Answer:
The standard form of this hyperbola is [tex]\frac{(x-3)^{2}}{5}-\frac{(y+1)^{2}}{9} = 1[/tex].
Step-by-step explanation:
From Analytical Geometry, the standard form of the hyperbola is defined by the following expression:
[tex]\frac{(x-h)^{2}}{a^{2}}-\frac{(y-k)^{2}}{b^{2}} = 1[/tex] (1)
Where:
[tex]x[/tex] - Independent variable, dimensionless.
[tex]y[/tex] - Dependent variable, dimensionless.
[tex]a, b[/tex] - Semiaxis lengths, dimensionless.
[tex]h, k[/tex] - Coordinates of the center, dimensionless.
Let the hyperbola be defined by [tex]9\cdot x^{2}-5\cdot y^{2}-54\cdot x -10\cdot y +31=0[/tex], we proceed to derive the standard form by algebraic means:
1) [tex]9\cdot x^{2}-5\cdot y^{2}-54\cdot x -10\cdot y +31=0[/tex] Given
2) [tex](9\cdot x^{2}-54\cdot x)+(-1) \cdot (5\cdot y^{2}+10\cdot y)+31 = 0[/tex] Commutative and associative properties/[tex](-1)\cdot a = -a[/tex]

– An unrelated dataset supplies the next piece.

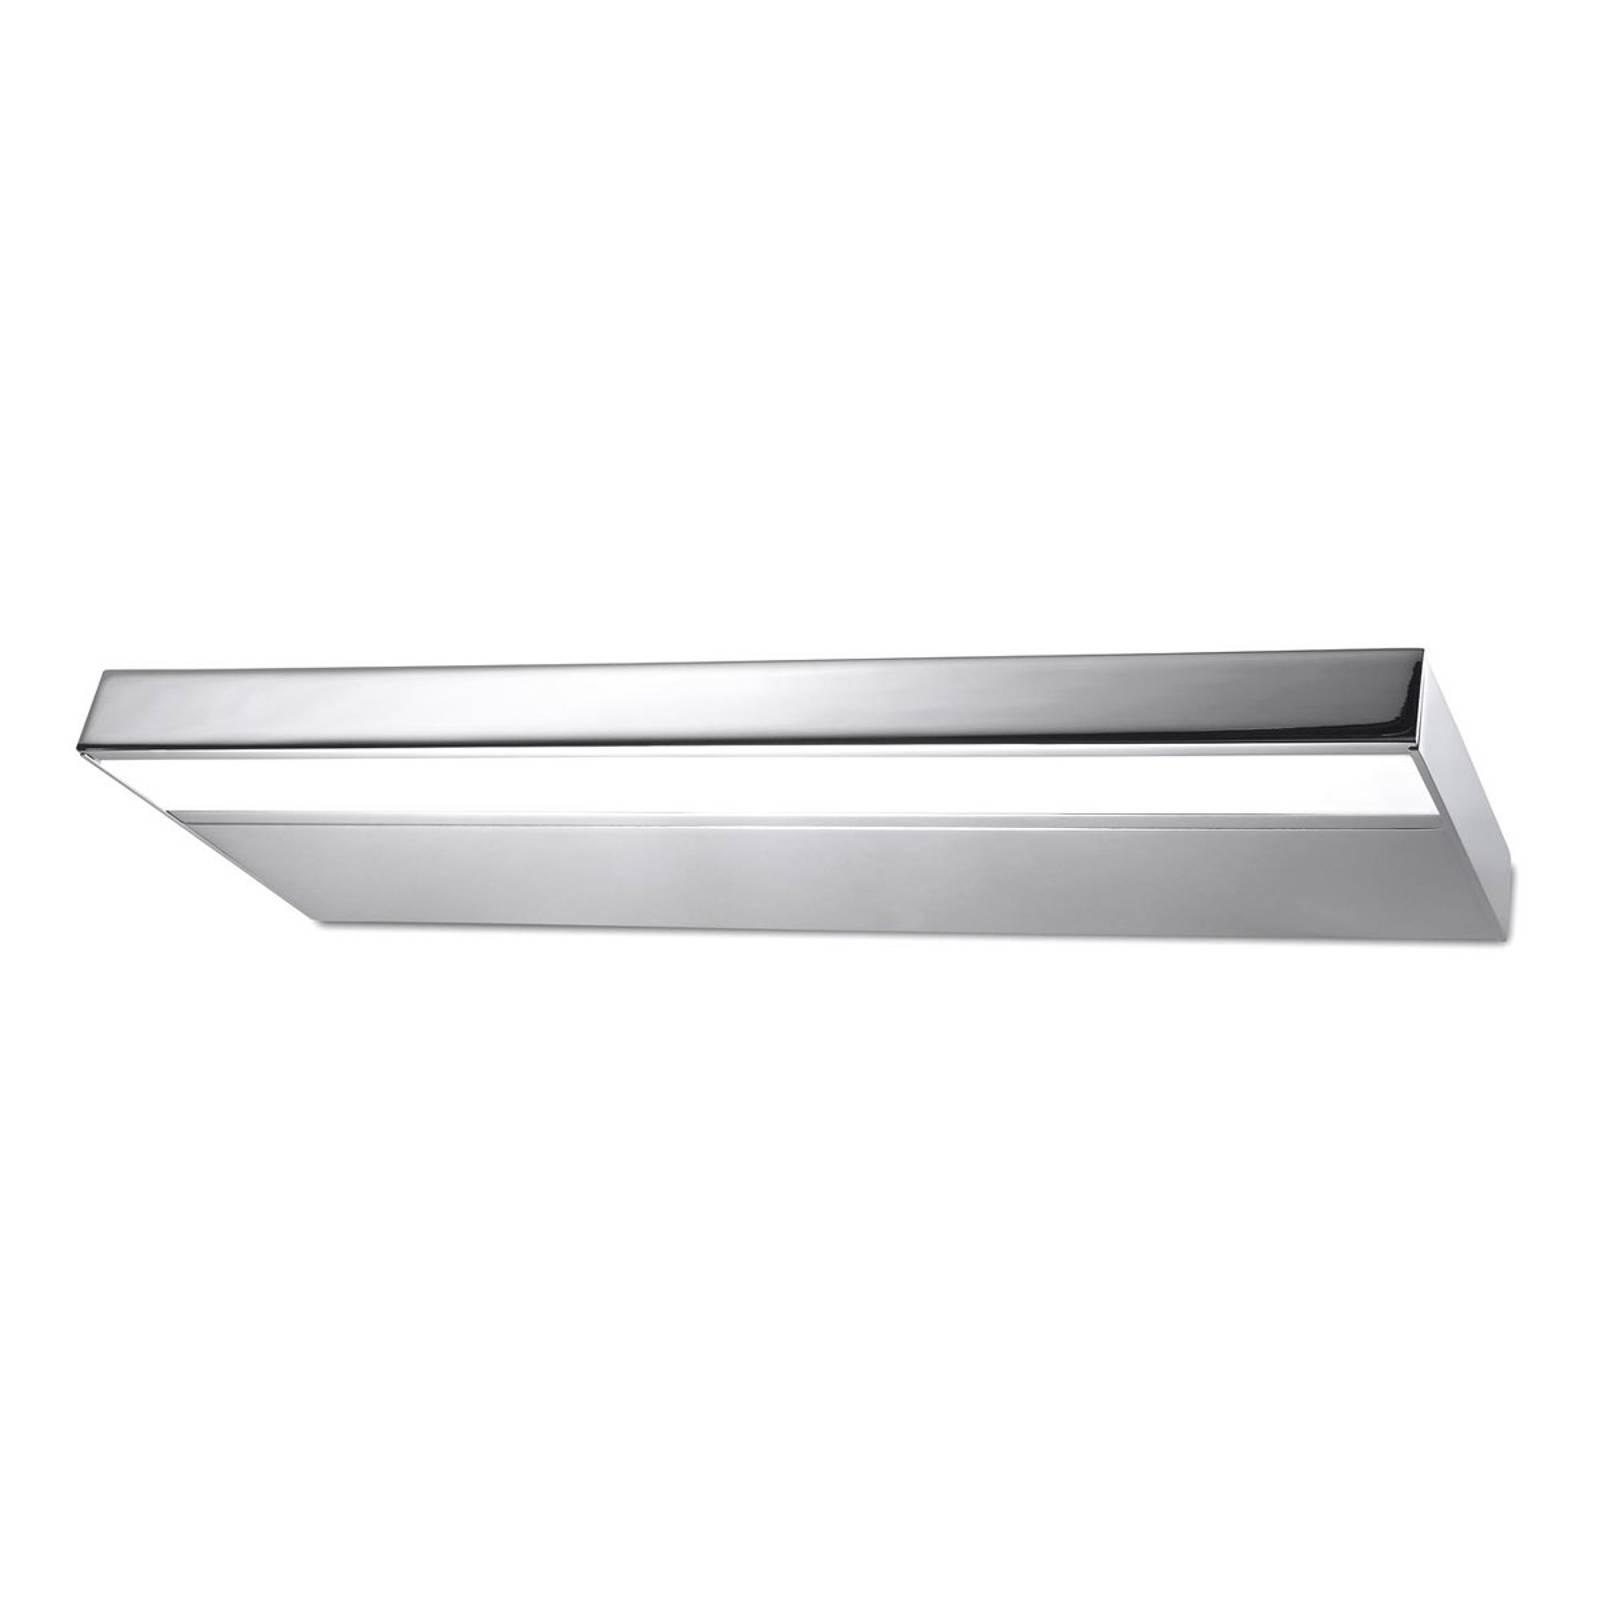 Kylpyhuoneen LED-seinälamppu Prim 60cm, kromi
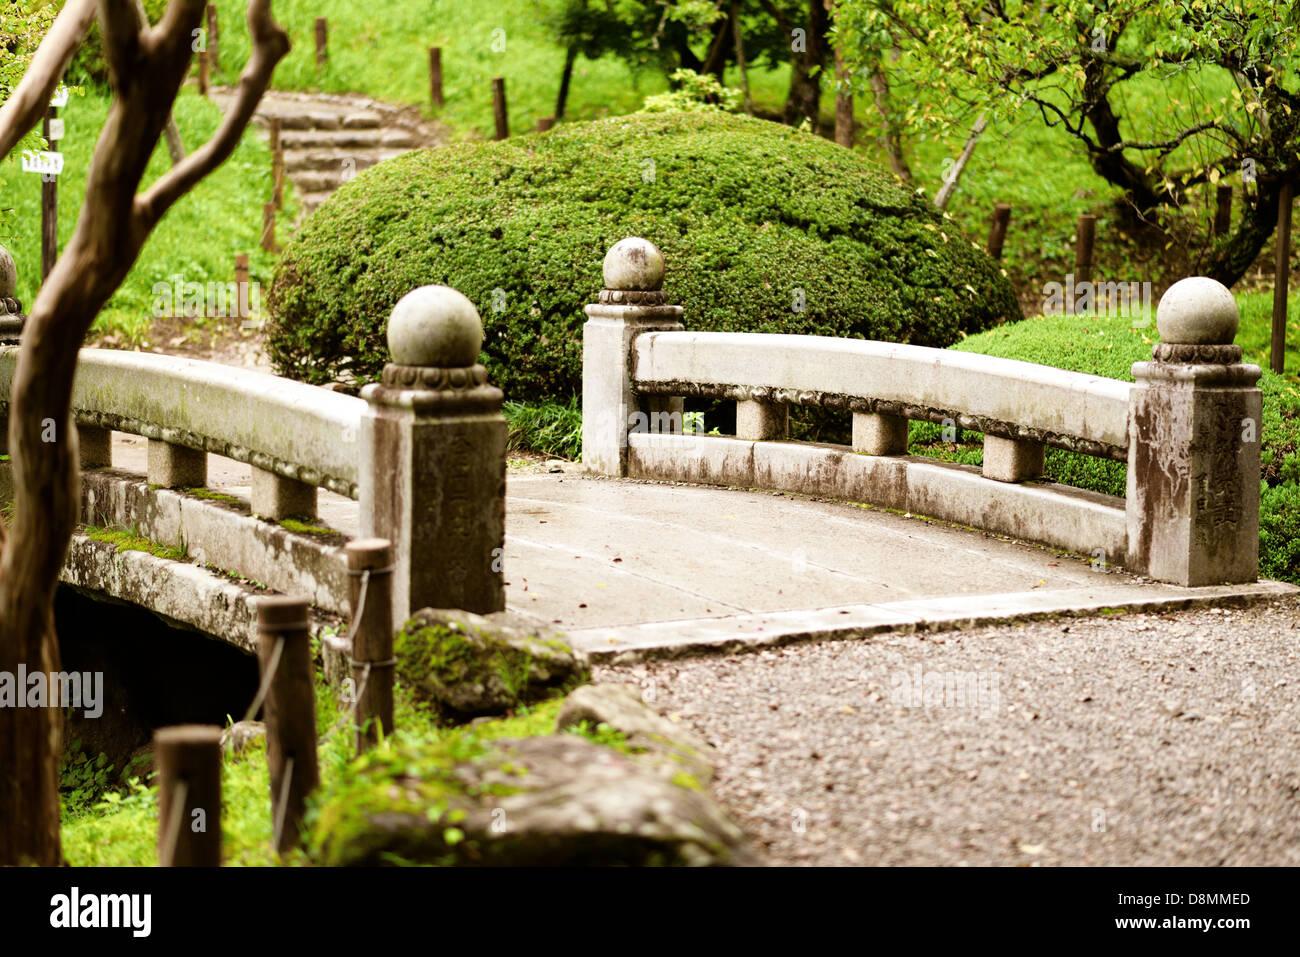 Garden in Japan - Stock Image

3) [tex](9\cdot x^{2}-54\cdot x + 81)+(-81)+(-1)\cdot (5\cdot y^{2}+10\cdot y +5)+(-1)\cdot (-5)+31 = 0[/tex] Modulative, distributive and associative properties/[tex](-1)\cdot a = -a[/tex]/Existence of the additive inverse
4) [tex](3\cdot x-9)^{2}+(-1)\cdot (\sqrt{5}\cdot y +\sqrt{5})^{2}+(-81)+5+31 = 0[/tex] Perfect trinomial square/[tex](-a)\cdot (-b) = a\cdot b[/tex]/Commutative property
5) [tex]9\cdot (x-3)^{2}+(-1)\cdot (5) \cdot (y+1)^{2}-45 = 0[/tex] Distributive property/[tex](a\cdot b)^{c} = a^{c}\cdot b^{c}[/tex]/Definition of addition and subtraction.
6) [tex]9\cdot (x-3)^{2}-5\cdot (y+1)^{2}= 45[/tex] [tex](-1)\cdot a = -a[/tex]/Compatibility with addition/Existence of additive inverse/Modulative property.
7) [tex]\frac{(x-3)^{2}}{5}-\frac{(y+1)^{2}}{9} = 1[/tex] Compatibility with multiplication/Definition of division/Distributive property/Result.
The standard form of this hyperbola is [tex]\frac{(x-3)^{2}}{5}-\frac{(y+1)^{2}}{9} = 1[/tex].